Dr Kelly, a world-renowned weapons inspector, is said to have killed himself after being named as the prime source of a BBC report accusing Tony Blair’s government of lying to take Britain into war.
His body was found in woods close to his home in Oxfordshire on July 18 2003. Uniquely, for an unexpected death such as his, no coroner’s inquest has ever been held.
The Hutton inquiry into his death found that he killed himself after slashing his wrist with a blunt knife and overdosing on painkillers.
On Monday the Mail revealed that no fingerprints were found on the blister packs of pills which Dr Kelly supposedly took.

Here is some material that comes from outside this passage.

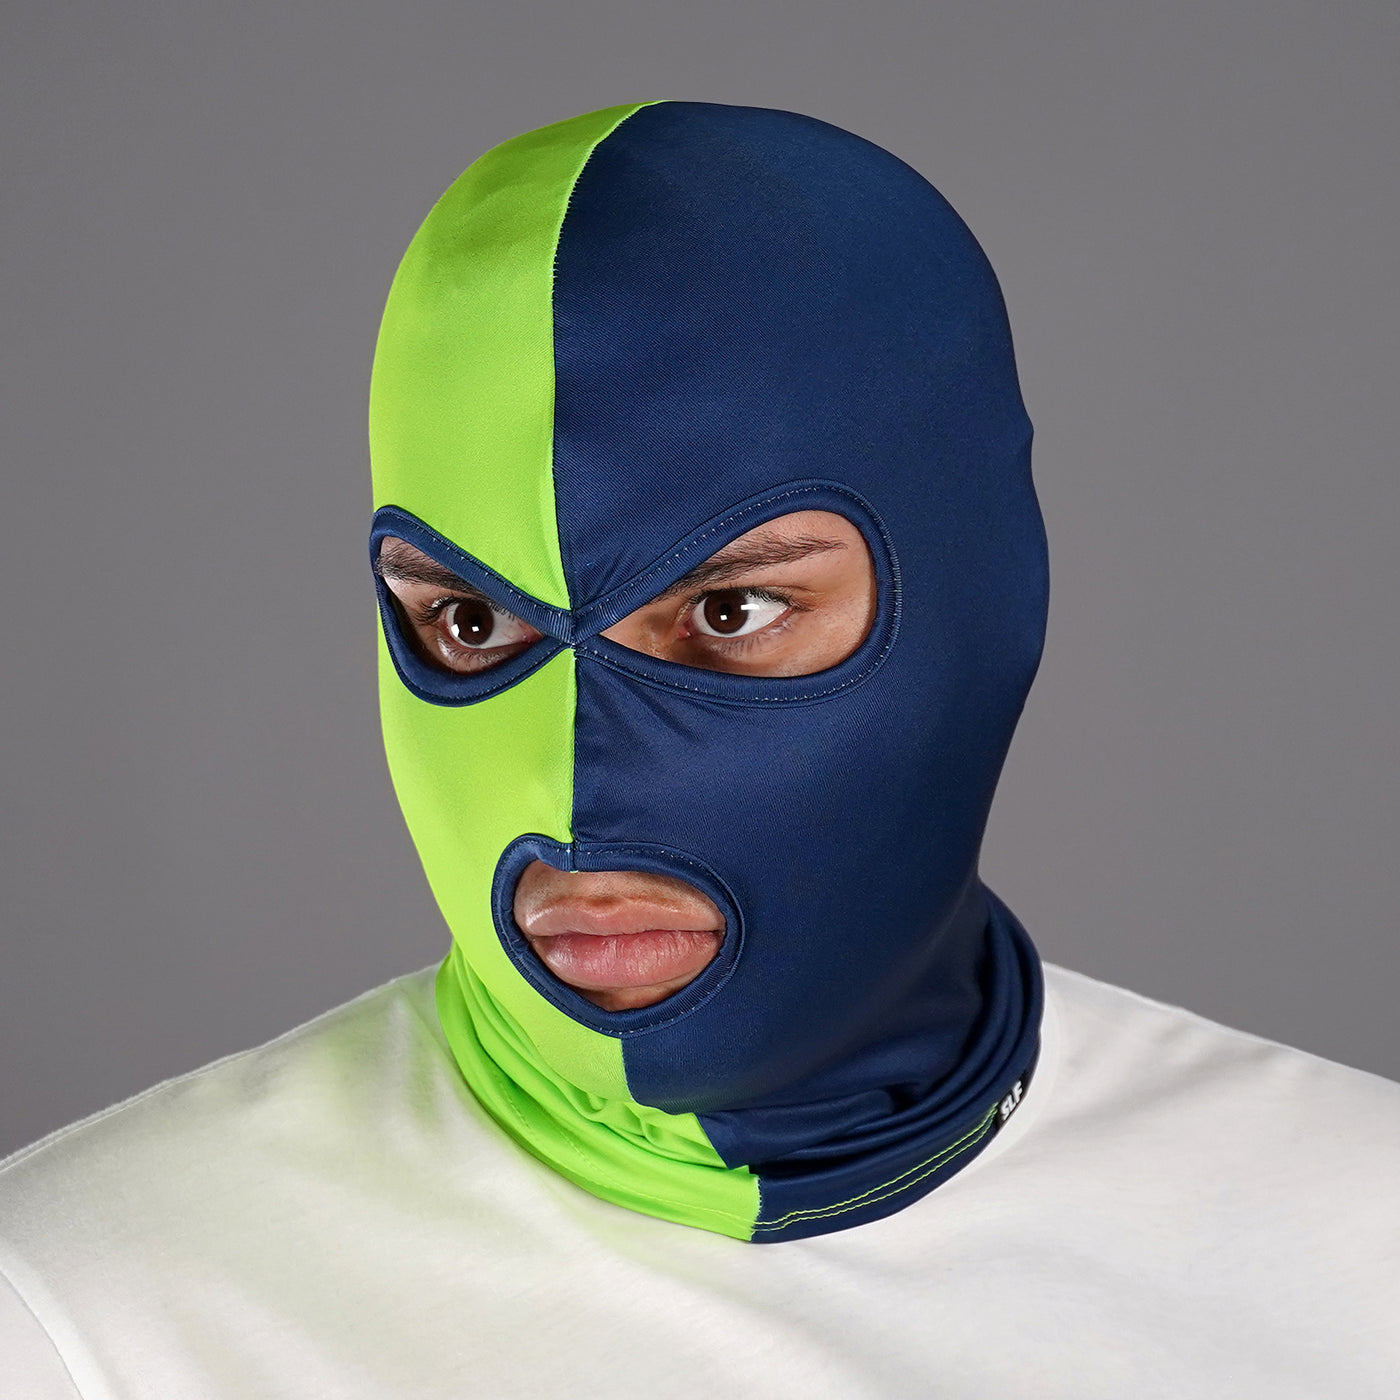 Hot Green Navy Blue 3 Hole Ski Mask

No fingerprints were recovered either from the knife or a bottle of water found by his side. He was not wearing gloves when his body was found, nor were there gloves anywhere near the body.

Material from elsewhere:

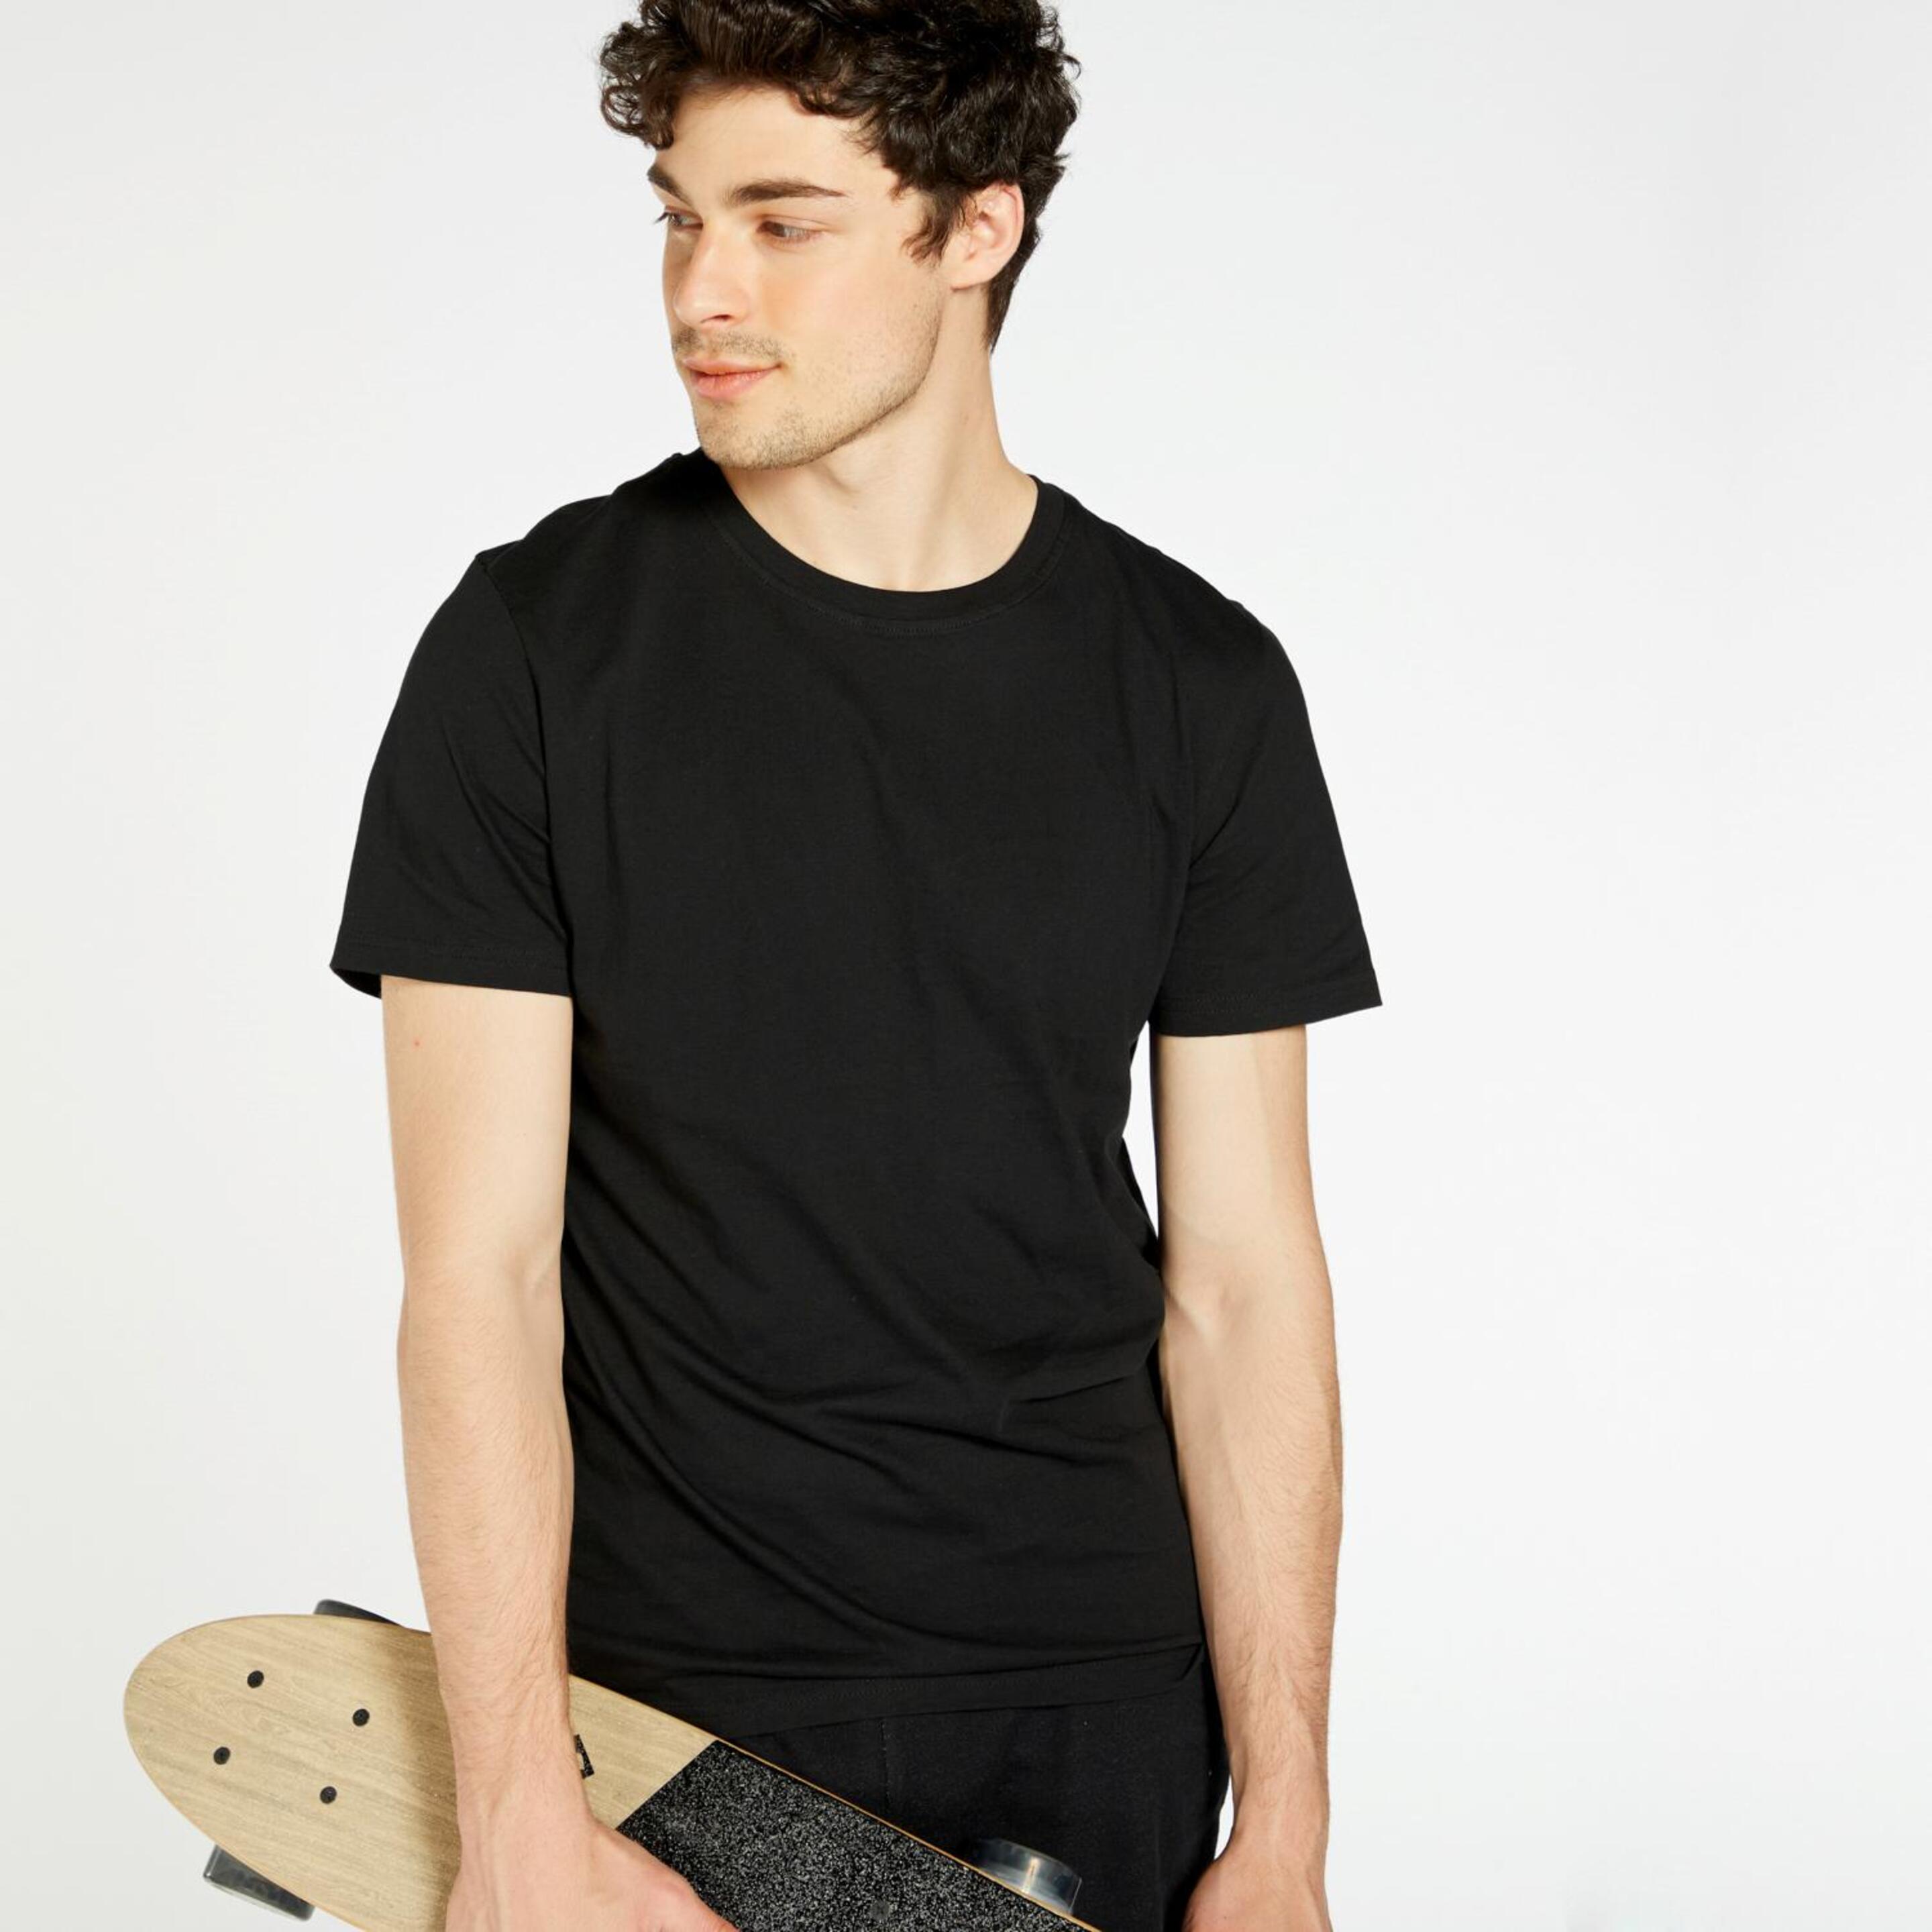 Camiseta Up - negro - Camiseta Hombre

The memorial argues that Dr Kelly’s death was not sufficiently investigated and claims that there are a large number of irregularities surrounding it.

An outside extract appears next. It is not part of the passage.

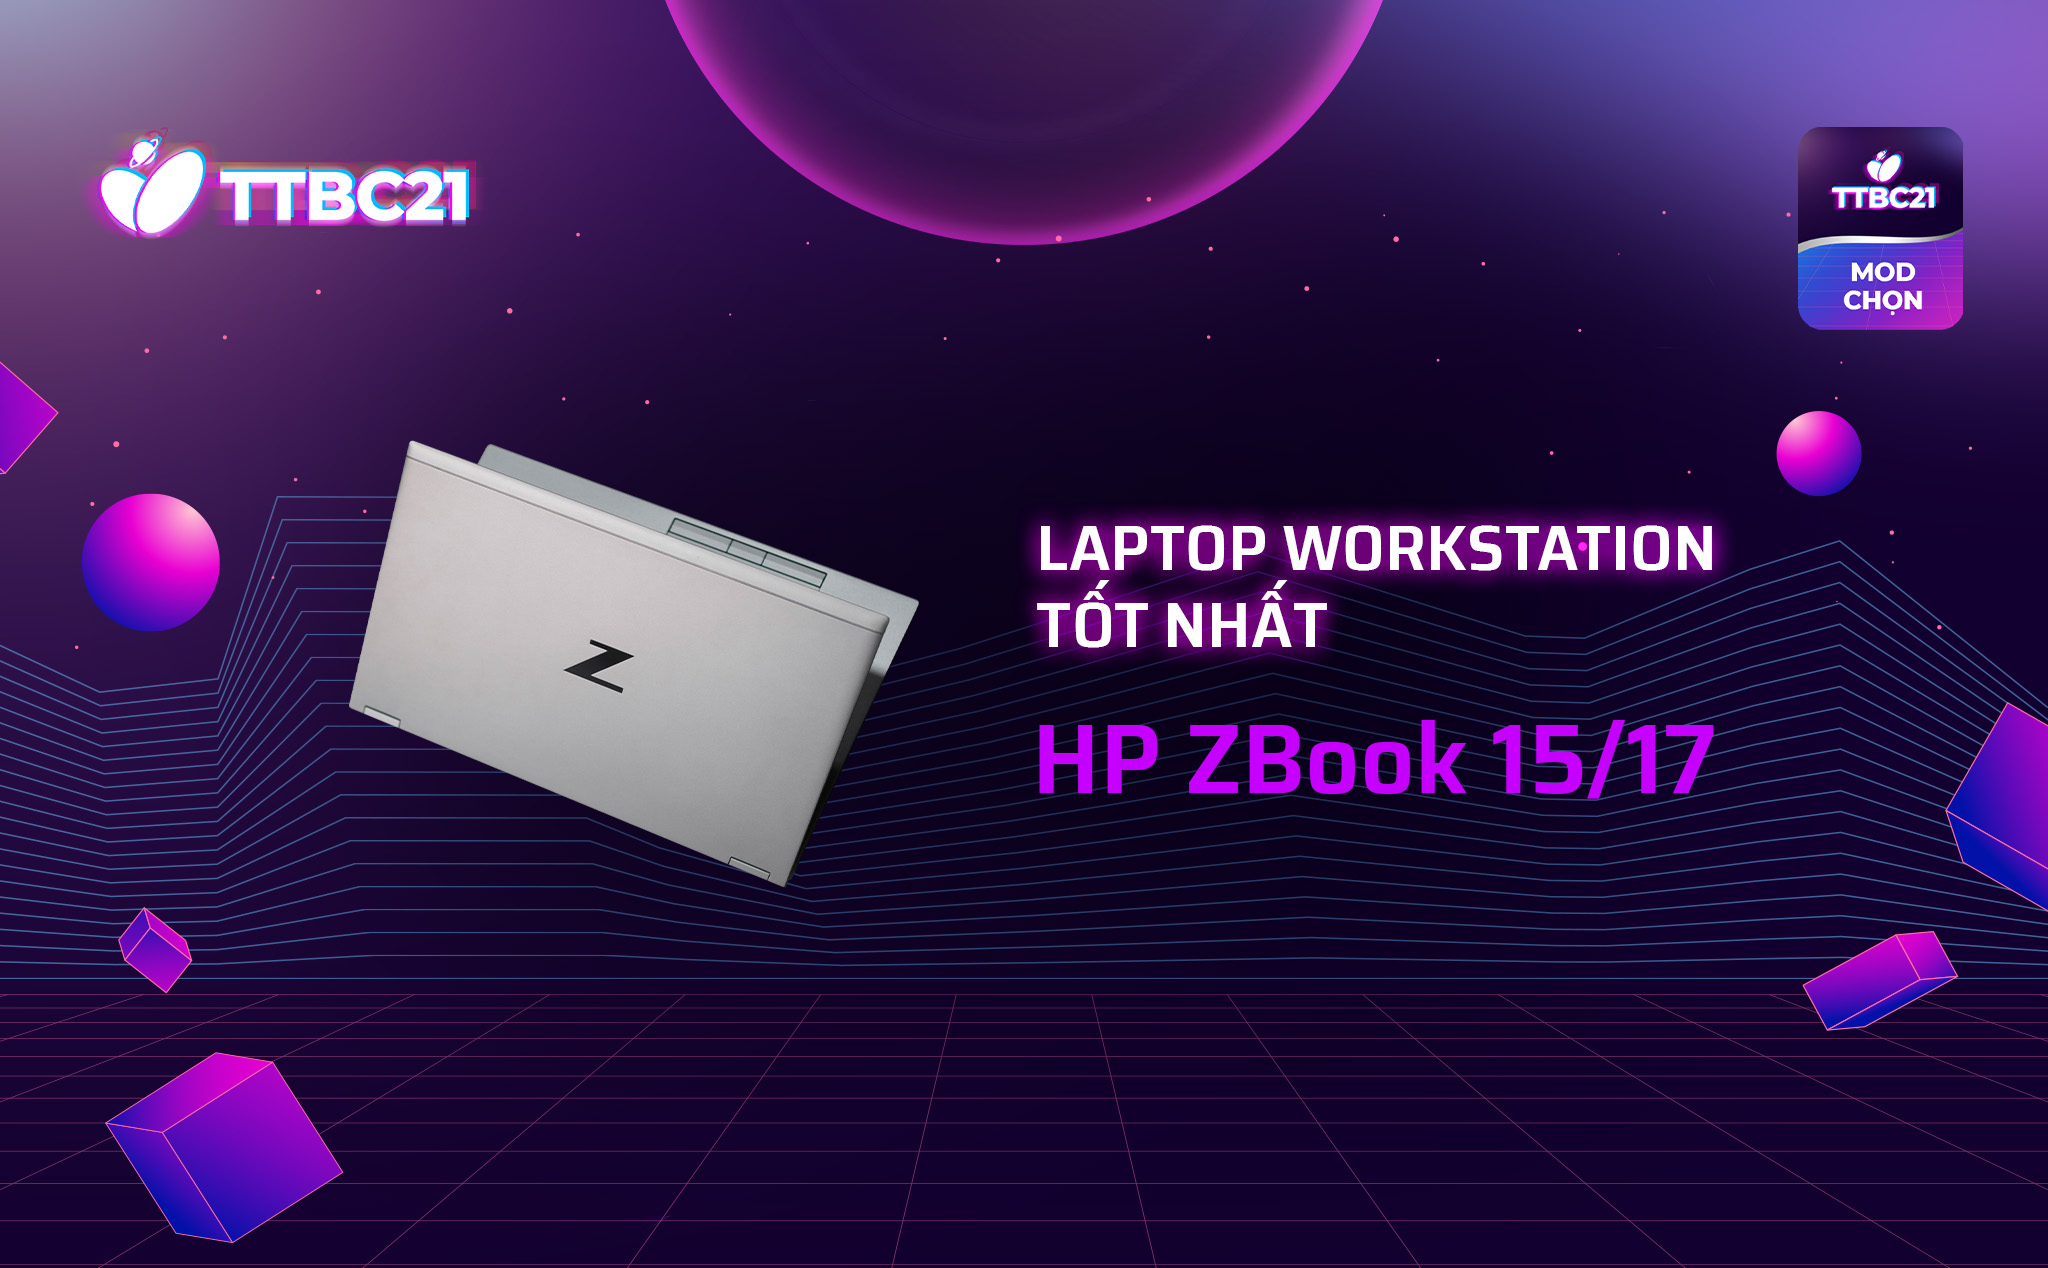 TTBC21 - Mod Choice: Laptop workstation tốt nhất - HP ZBook 15/17

It names Lord Falconer, once Tony Blair’s flatmate and in June 2003 appointed Lord Chancellor, as the architect of the public inquiry into Dr Kelly’s death chaired by Lord Hutton.
It was Falconer who proposed the controversial decision to abandon a coroner’s inquest, where witnesses would be cross-examined under oath, and replace it with a non-statutory examination of the circumstances leading to Dr Kelly’s death. As a result no witness, including Tony Blair and his press secretary Alastair Campbell, swore an oath or was cross-examined.
Dr Nicholas Hunt, the Home Office forensic pathologist who carried out the autopsy on Dr Kelly, is also criticised in the memorial for having breached professional guidelines by giving a newspaper interview earlier this year in which he called Dr Kelly’s death a ‘textbook suicide’. His failure to properly carry out his duties at the scene where Dr Kelly’s body was found is outlined.
The memorial addresses – and answers – each of the six legal points necessary for a coroner’s inquest to be re-opened. Under section 13 of the Coroners Act 1988 only one of these points has to be satisfied for an inquest to take place.
The 10,000-word document was co-authored by doctors Stephen Frost, Martin Birnstingl, Christopher Burns-Cox, David Halpin and Andrew Rouse.
It also requests that if an inquest is held a new coroner should be appointed to oversee it, replacing Oxfordshire coroner Nicholas Gardiner.
Dr Michael Powers QC, who has been instructed to represent the doctors in their legal action, said: ‘The circumstances of this case are highly unusual. Evidential issues have been debated in public for want of an inquest.
‘The Attorney General’s department has had three months to consider the matter. The time has come for the doctors’ Memorial also to be put into the public domain.
‘It is vital that as many people as possible are aware of the process and the legal reason why there should be an inquest.’